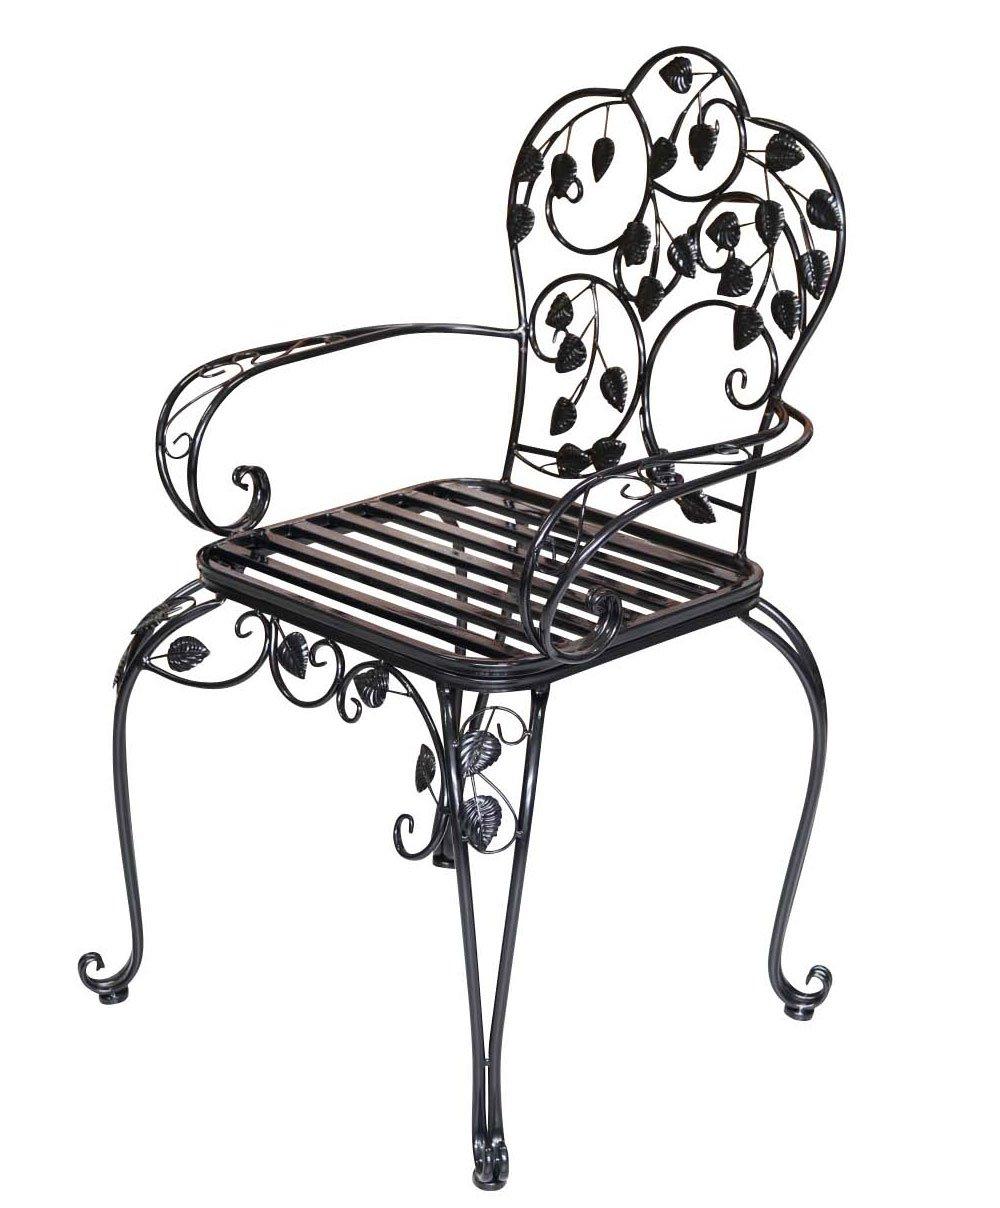 Bistro chair - metal - antique style - garden chair- 93cm - black aubaho
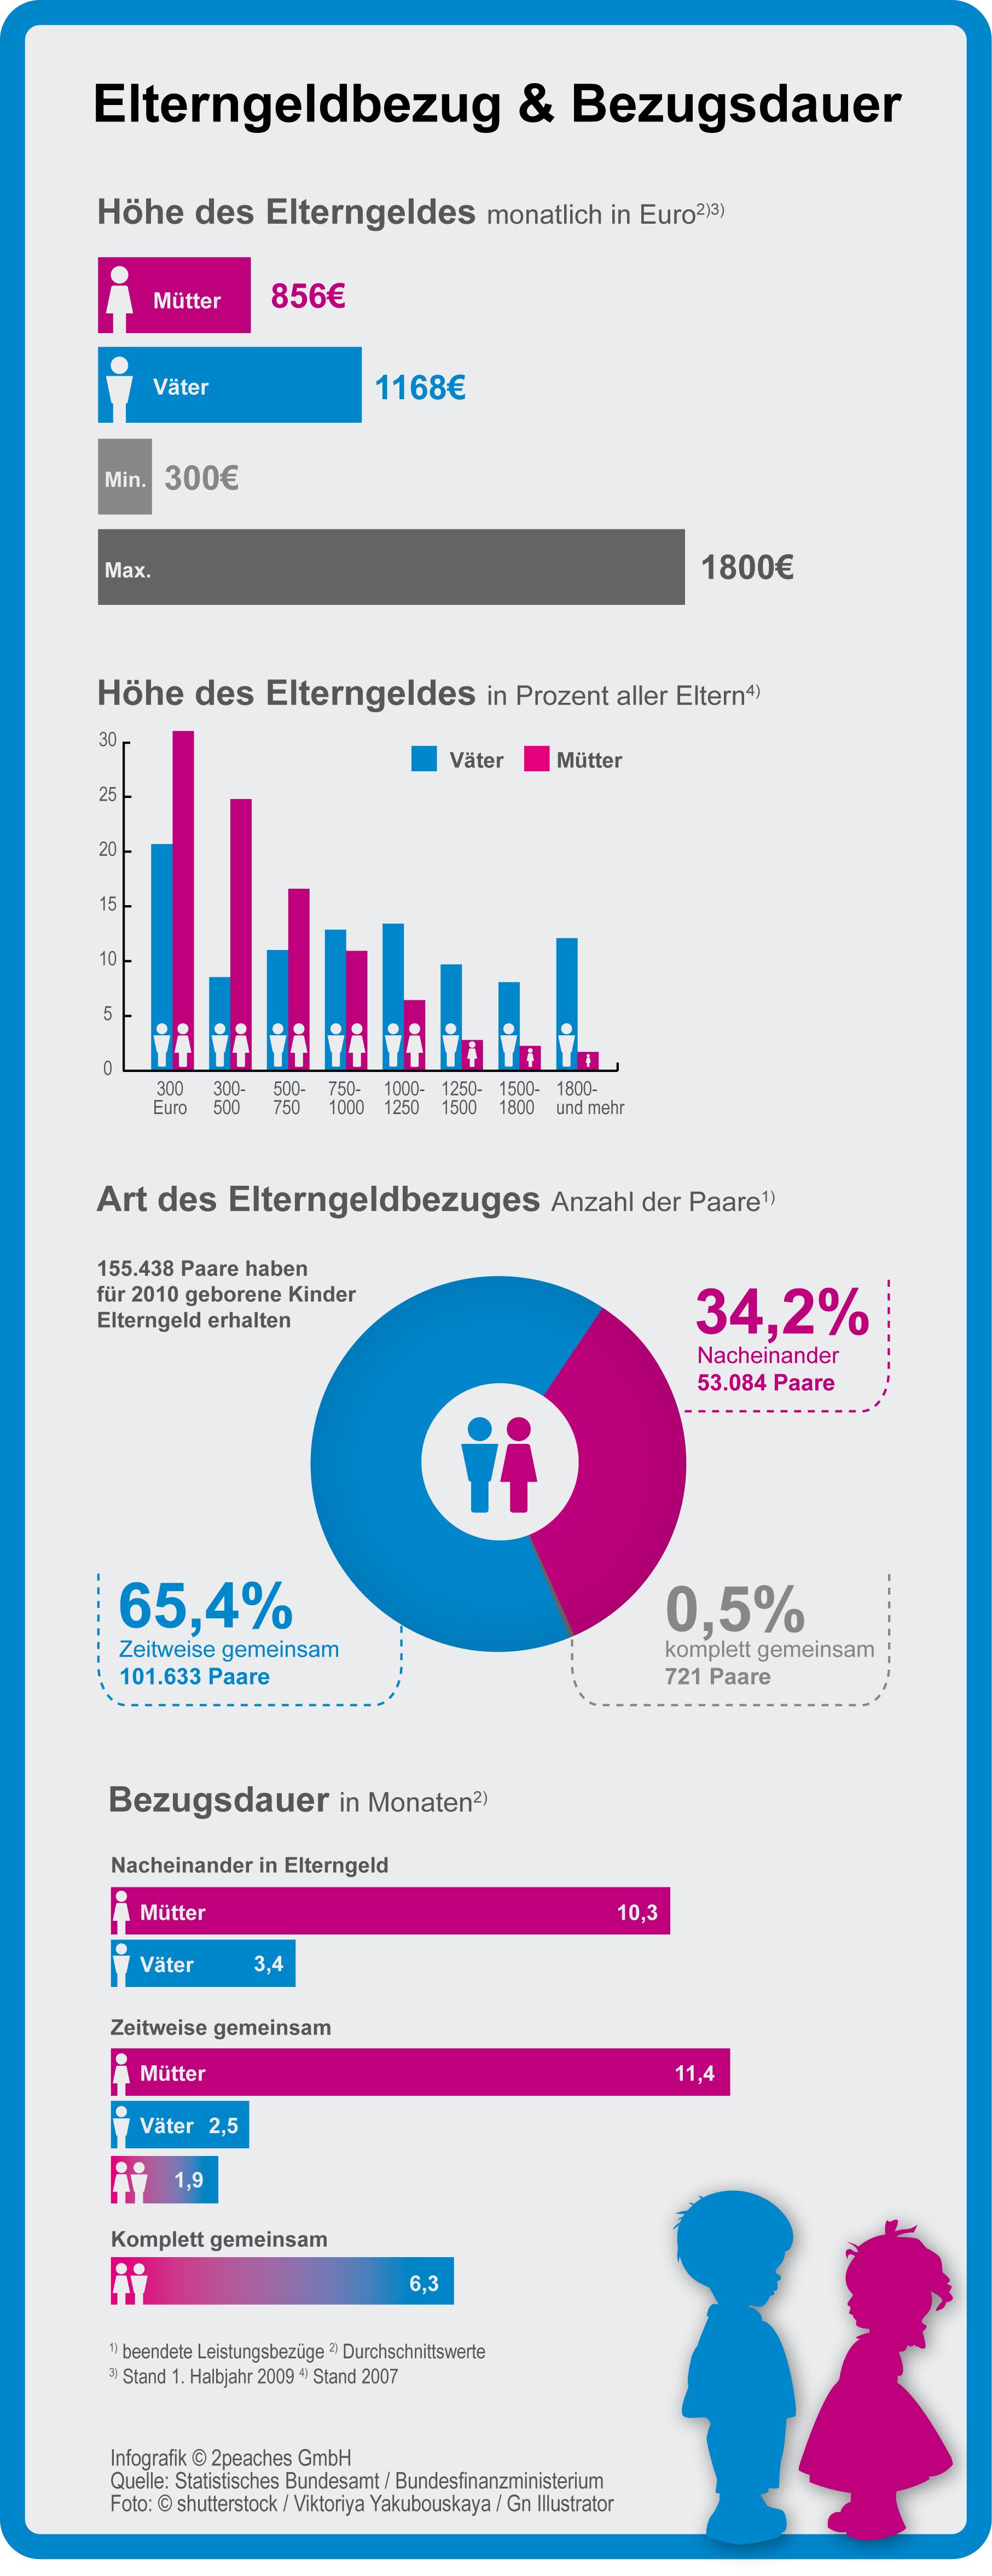 Infografik: Alle Fakten zum Elterngeld
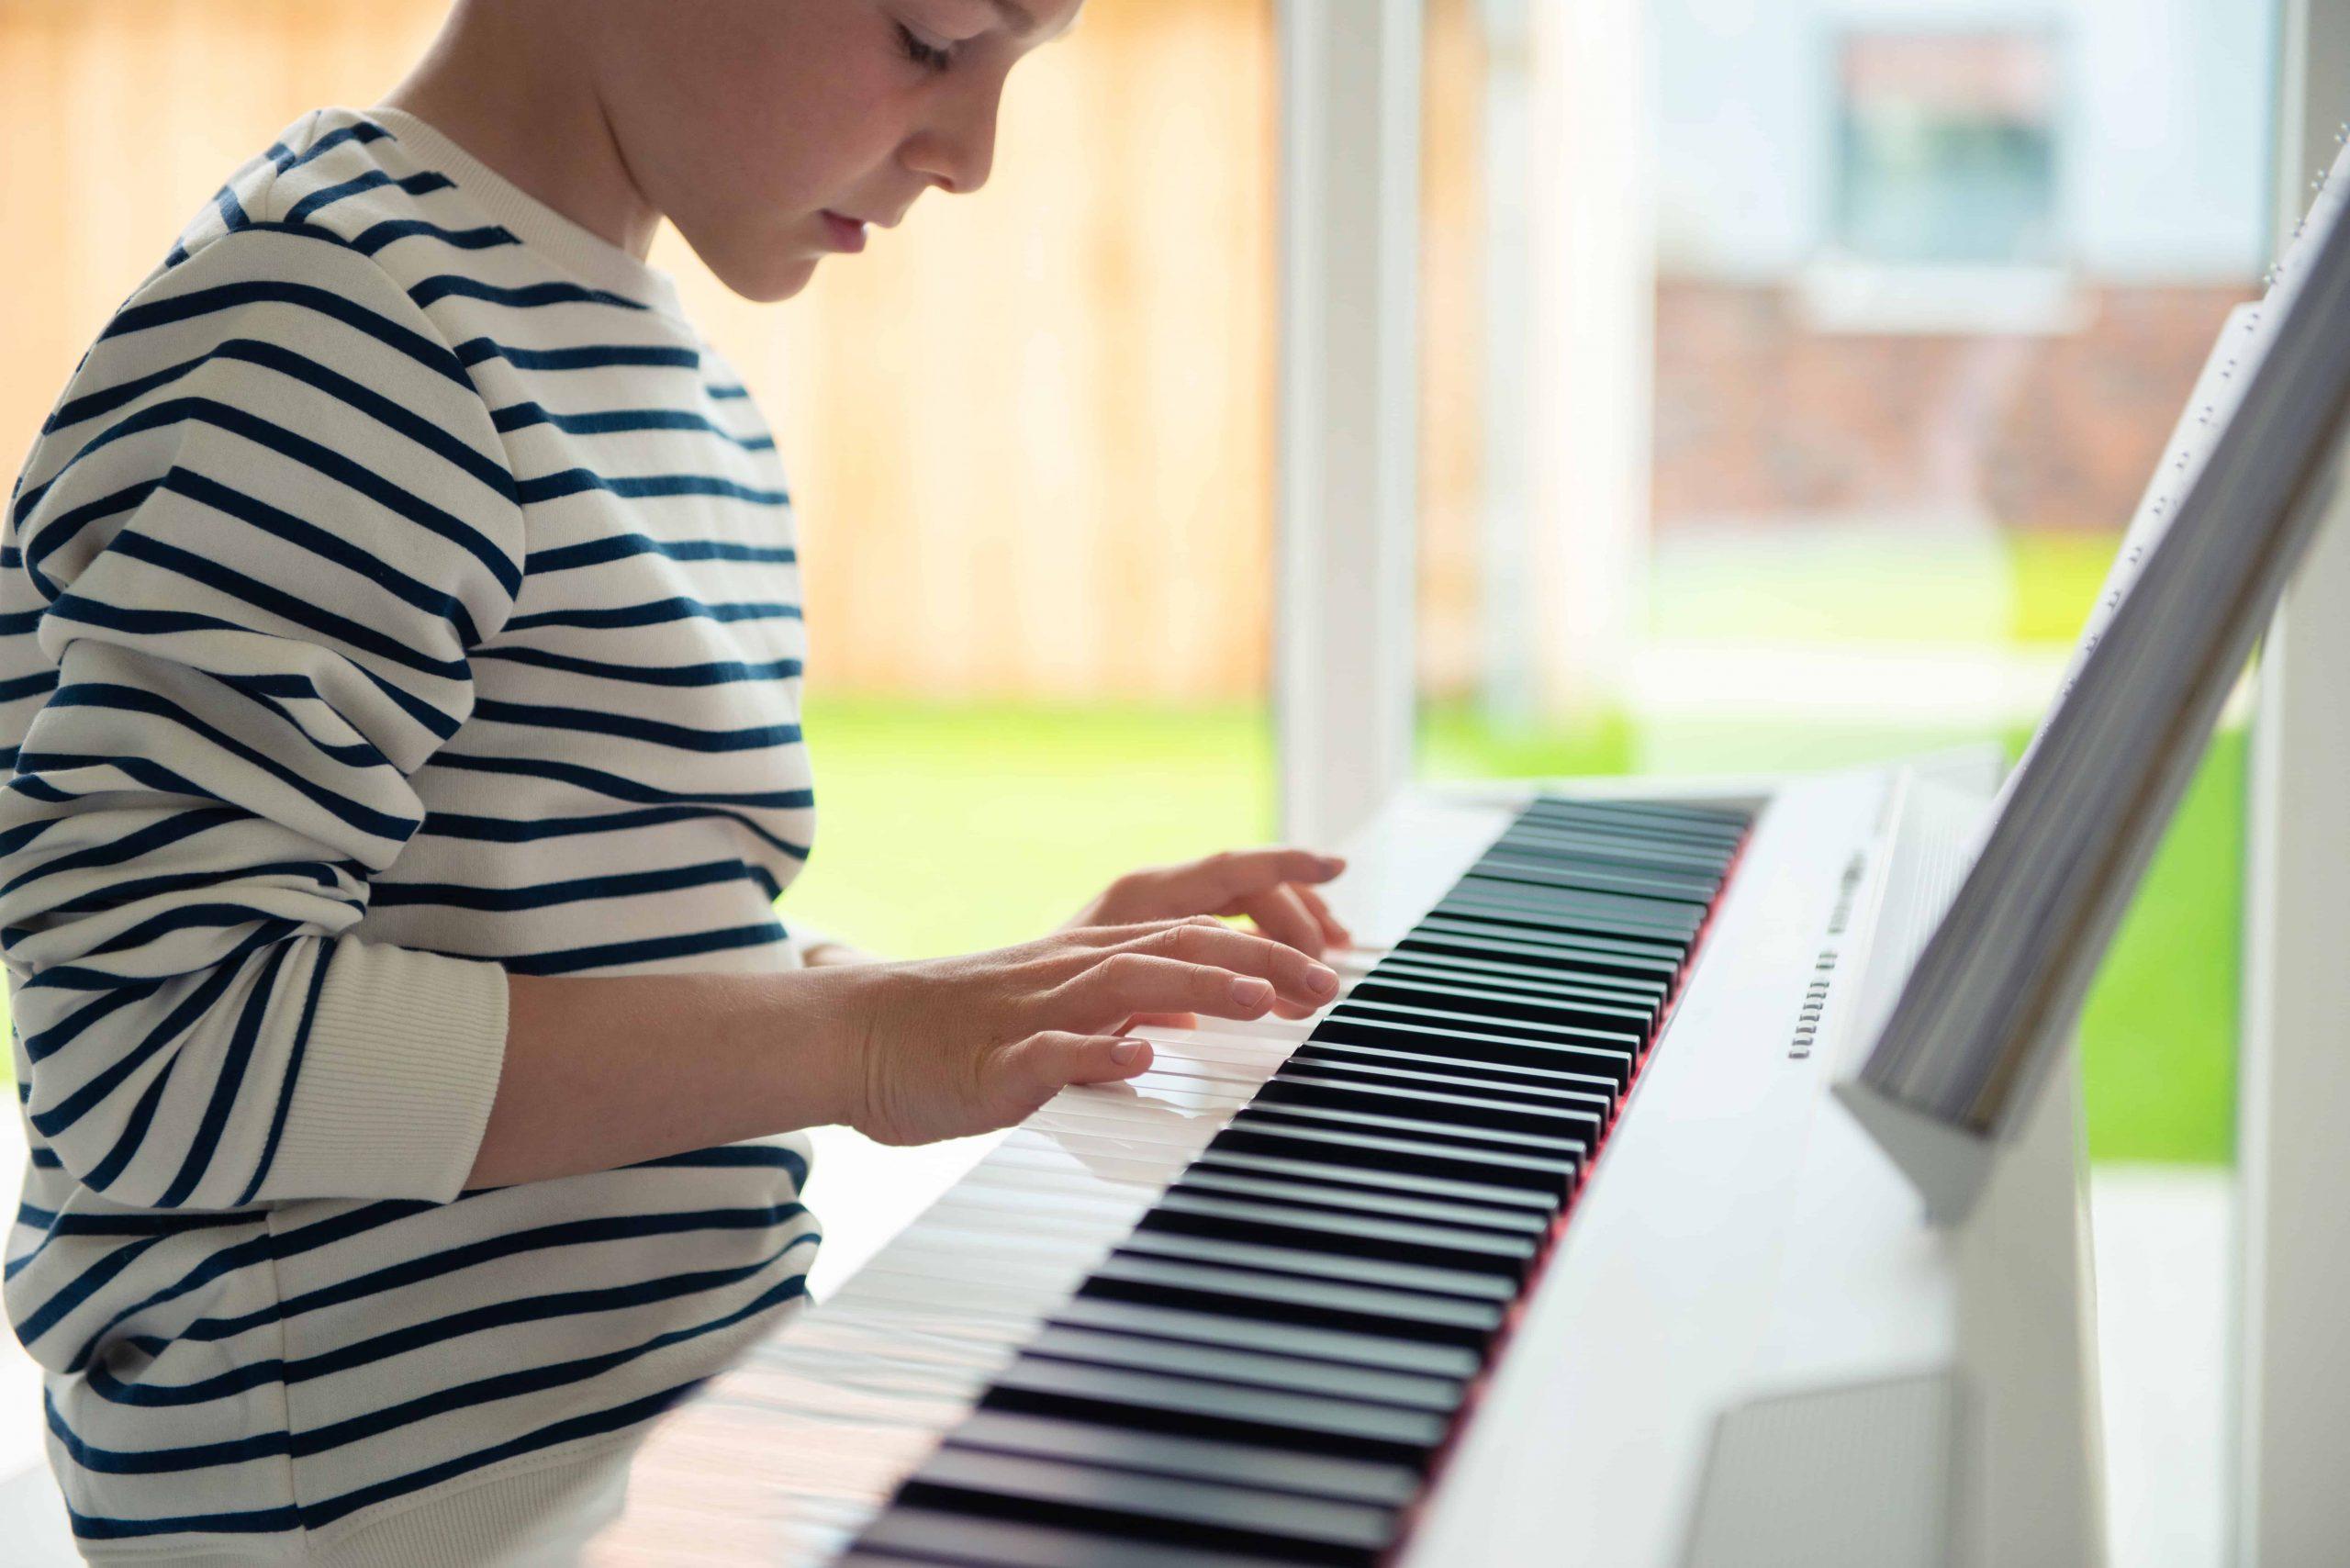 E-Piano: Test & Empfehlungen (04/21)

→ **Aim of the task**: Locate the line containing "Infografik: Alle Fakten zum Elterngeld" in the material above, then repeat it and every later line exactly, with no pictures.

→ **Response to the task**:
 Infografik: Alle Fakten zum Elterngeld
 E-Piano: Test & Empfehlungen (04/21)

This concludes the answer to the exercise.